:: Work request ::
Only the pictures are to be dropped, and the rest of the data should be copied exactly.

:: Stored data ::

________________________________________

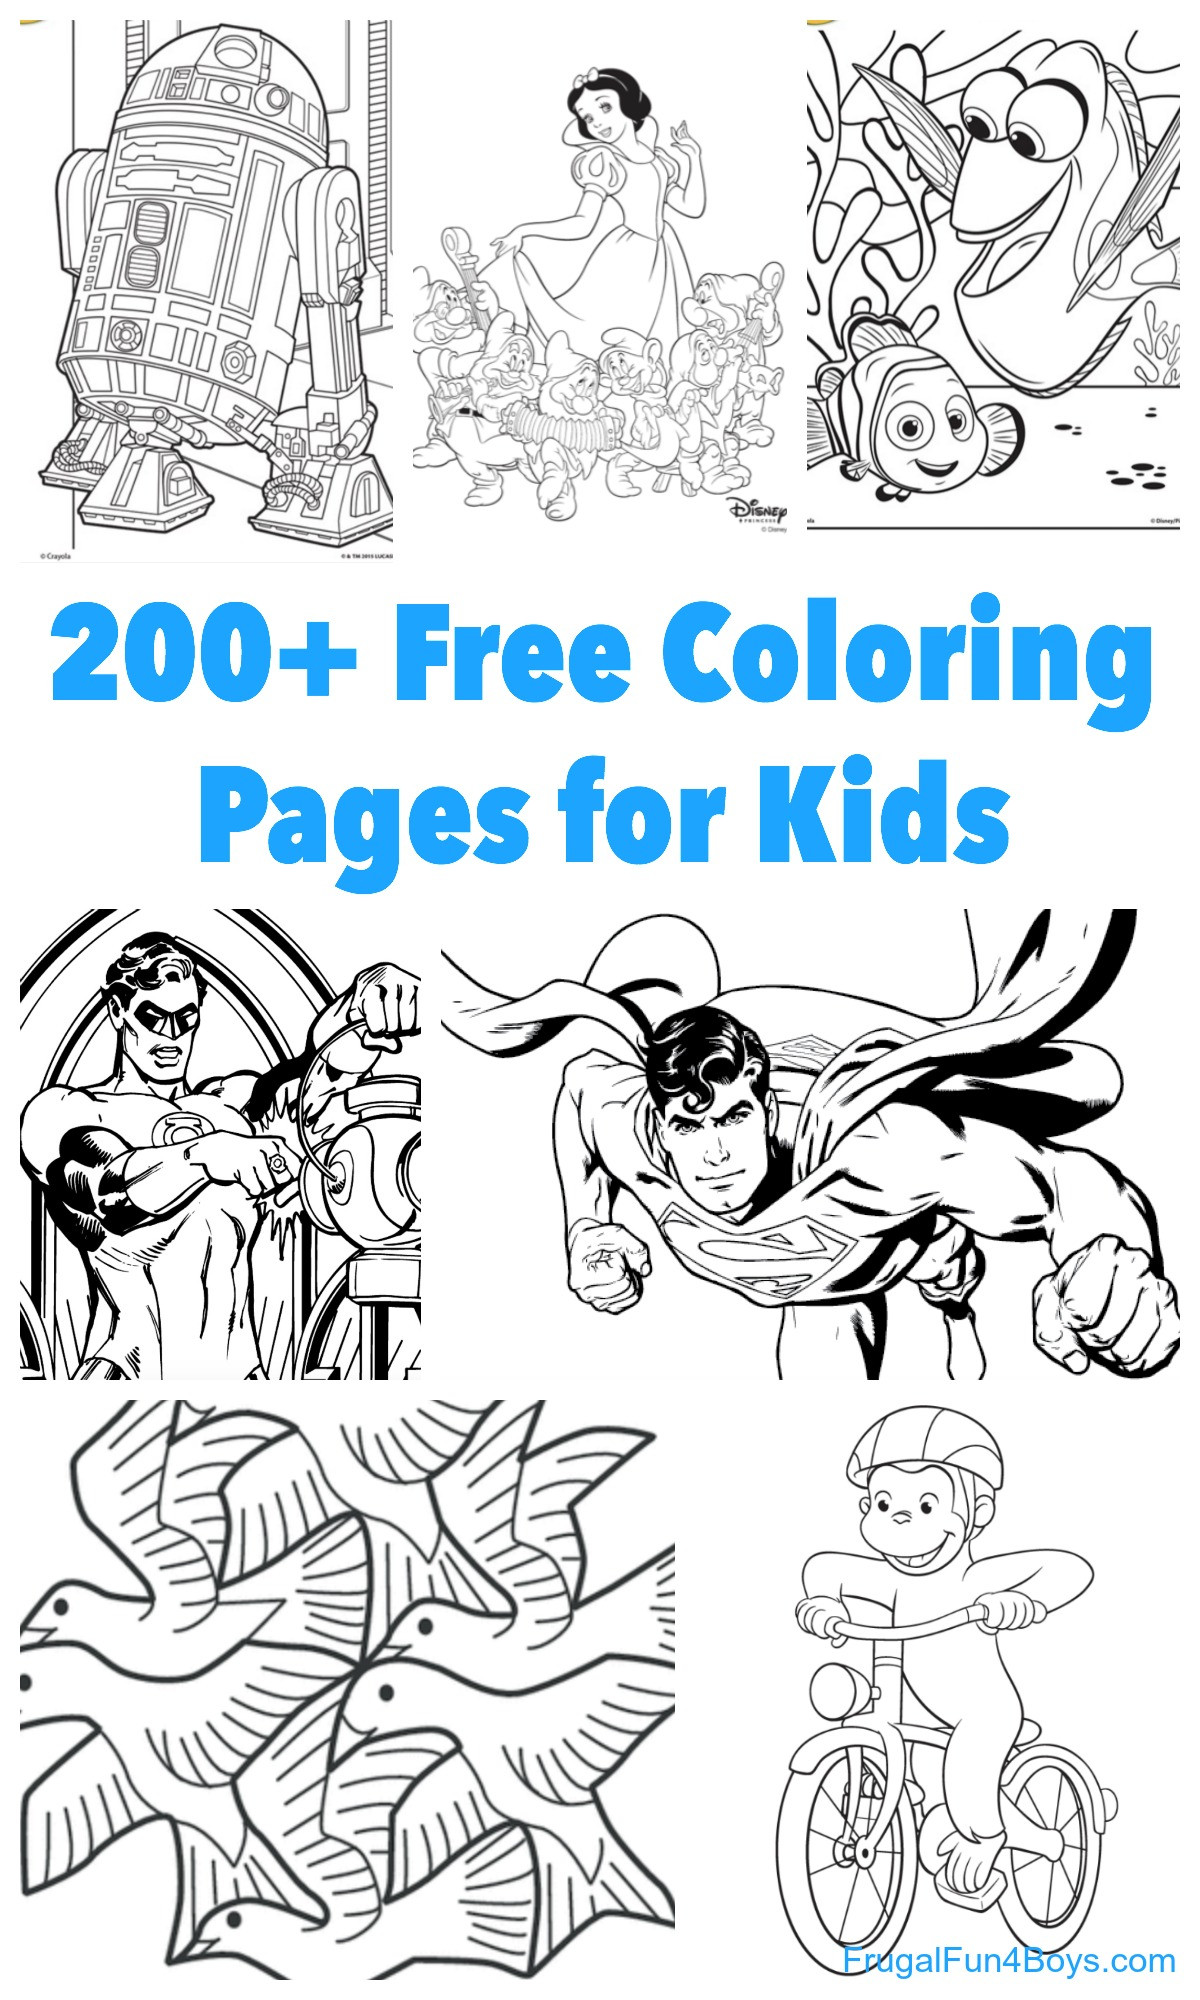 Free Online Coloring Pages For Kids
 200 Printable Coloring Pages for Kids Frugal Fun For
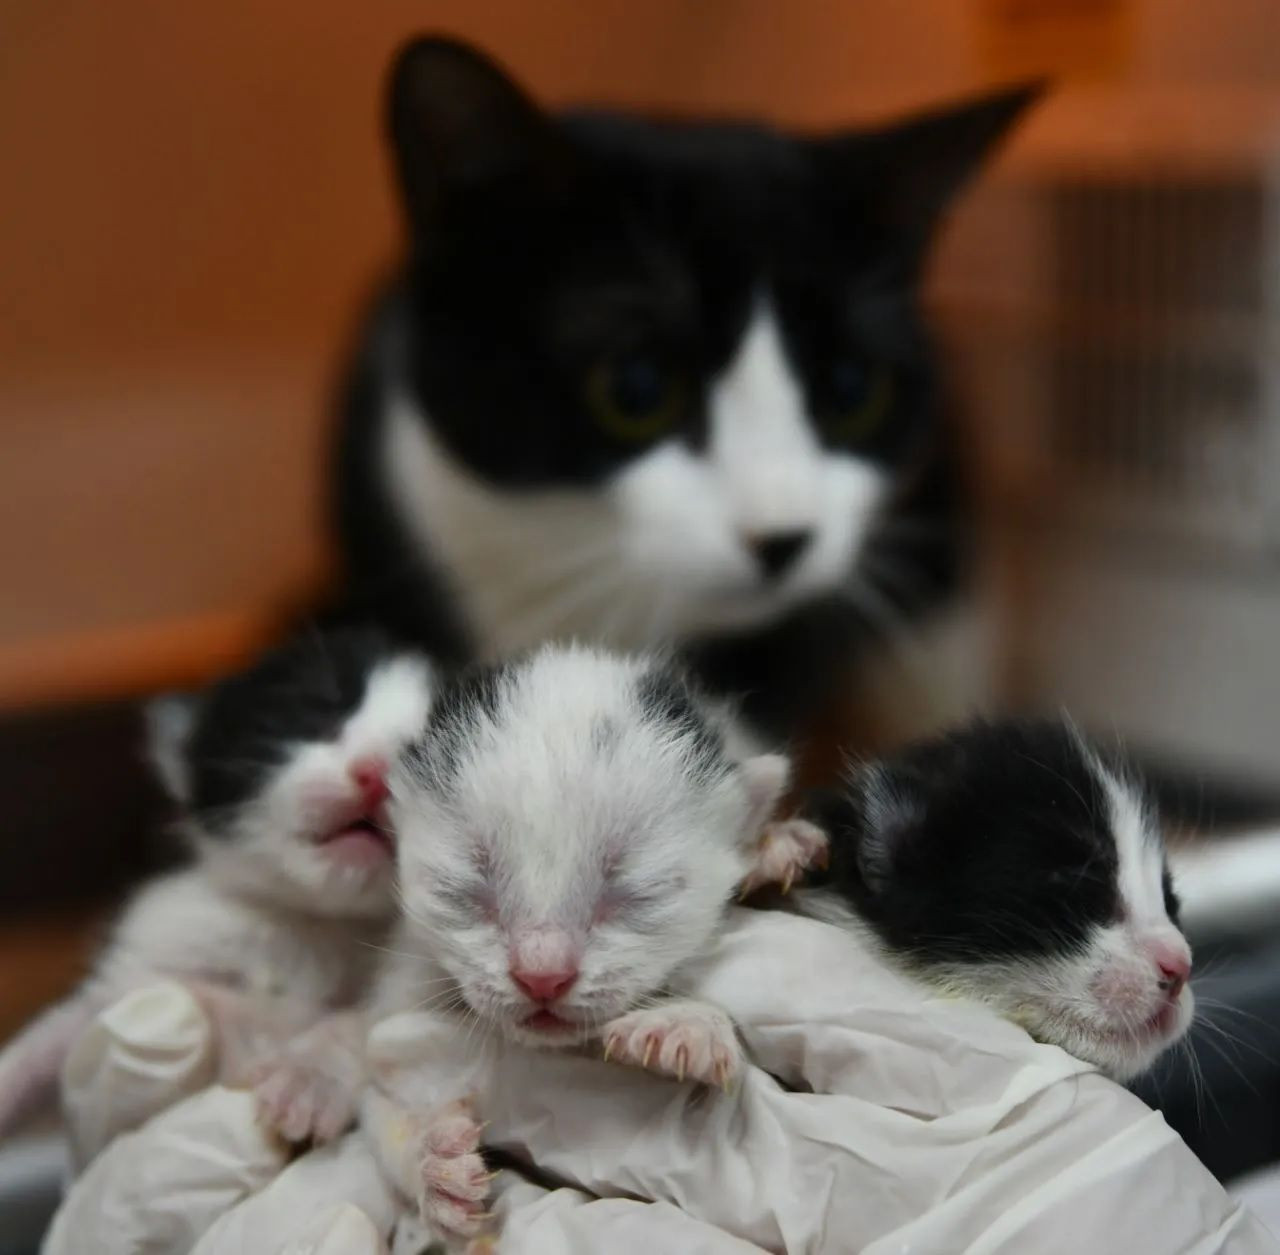 Cat rescued from quake gives birth via cesarean section - Page 2

________________________________________

:: Result of the task ::
 Free Online Coloring Pages For Kids
 200 Printable Coloring Pages for Kids Frugal Fun For
 Cat rescued from quake gives birth via cesarean section - Page 2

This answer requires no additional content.